If this were one of my regular fan theory posts I would probably be postulating that Boyer really was a time traveler from the year 2037. That had Harris invested in gold as he would have done it would have had a butterfly effect that would have devastated the market. I might have formed headcanon that some computer ran a socio-economic model in the year 2037 and determined that one particular police detective in 1980 New York City made the gold investment that broke the camel's back and set chaos on the gold speculation market.

Maybe I might have speculated that there was a higher purpose for detective Harris. I could have gone over all the other remaining episodes in the Barney Miller series. I probably would have come up with some narrative that Boyer came back in time from 2037 specifically to get Harris to invest his windfall in a way that would have had him reconsider his investment later and sell at a loss so Harris would remain at his current job receiving a paycheck. If Harris had gotten wealthy and left the police department he might not have been at some place at the right time to intervene in some event that would have otherwise echoed through the coming decades.

But I am not doing that in this post. Maybe I won't do those kinds of fan theory posts anymore. I read a post by @nathanmars that speculates by the year 2025 HIVE tokens will be $20 and LEO will be $25. Those old fan theories didn't have content to justify using a #LeoFinance tag. If I start writing fan theories that deal with economics I can start to get both HIVE and LEO rewards before the price jump happens.

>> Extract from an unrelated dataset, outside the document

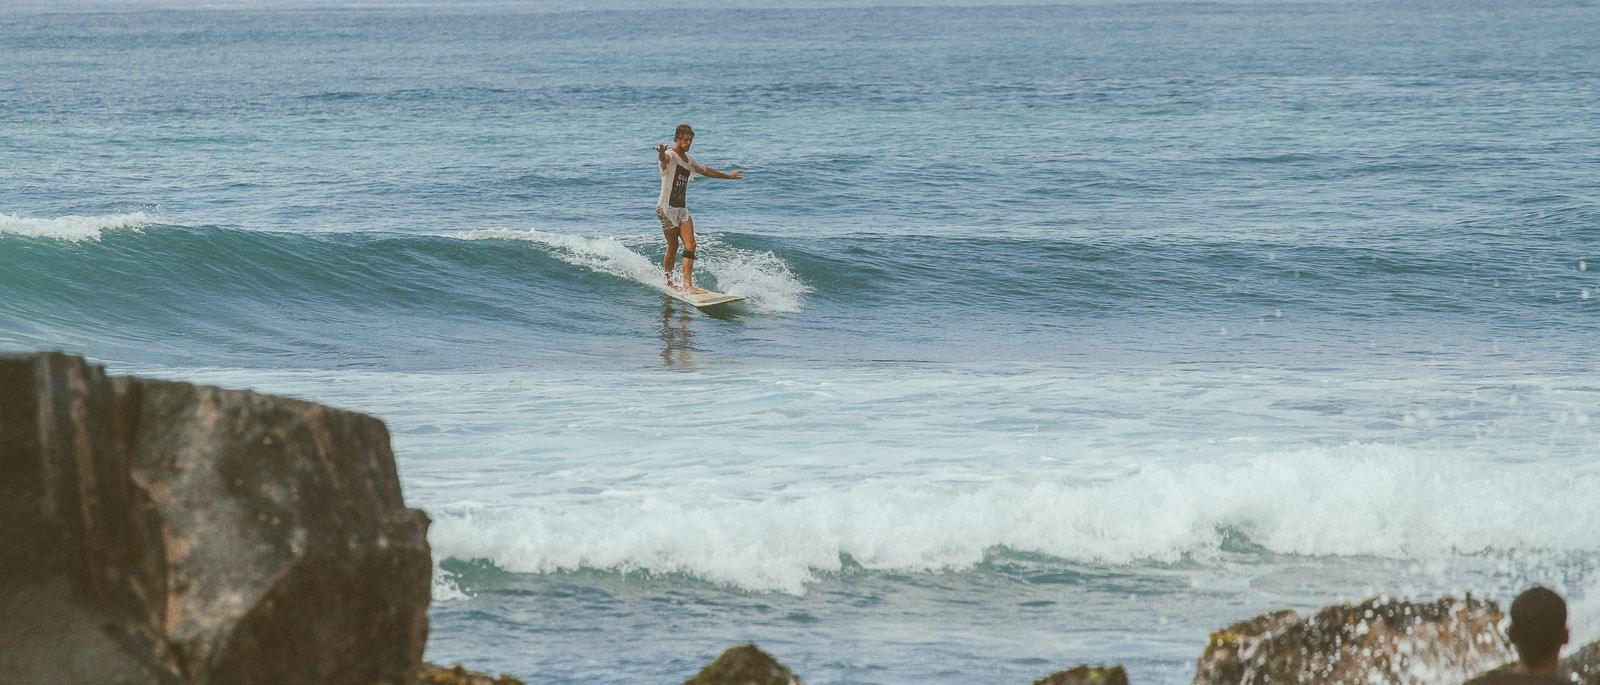 Sri Lanka-Lazy Left-Rams-Midigama-Surfing-Surf-Wave-Pointbreak-Longboard-Sunshinestories-IMG_3534

I don't know about you but I have more faith in @nathanmars than advice received through time travel. Not because that might be insider trading because becoming rich would allow me to get the lawyers who could argue that it's in no way insider trading. You just can't trust investing advice from the future. Have you seen the movie Frequency? Invest in Yahoo! stock hinted the voice from the future. There was no sequel to that movie saying, "Oh, by the way Gordo. Now that you're rich from that advice I gave you in 1969 sell that and invest in Google." What's up with that Dennis Quaid?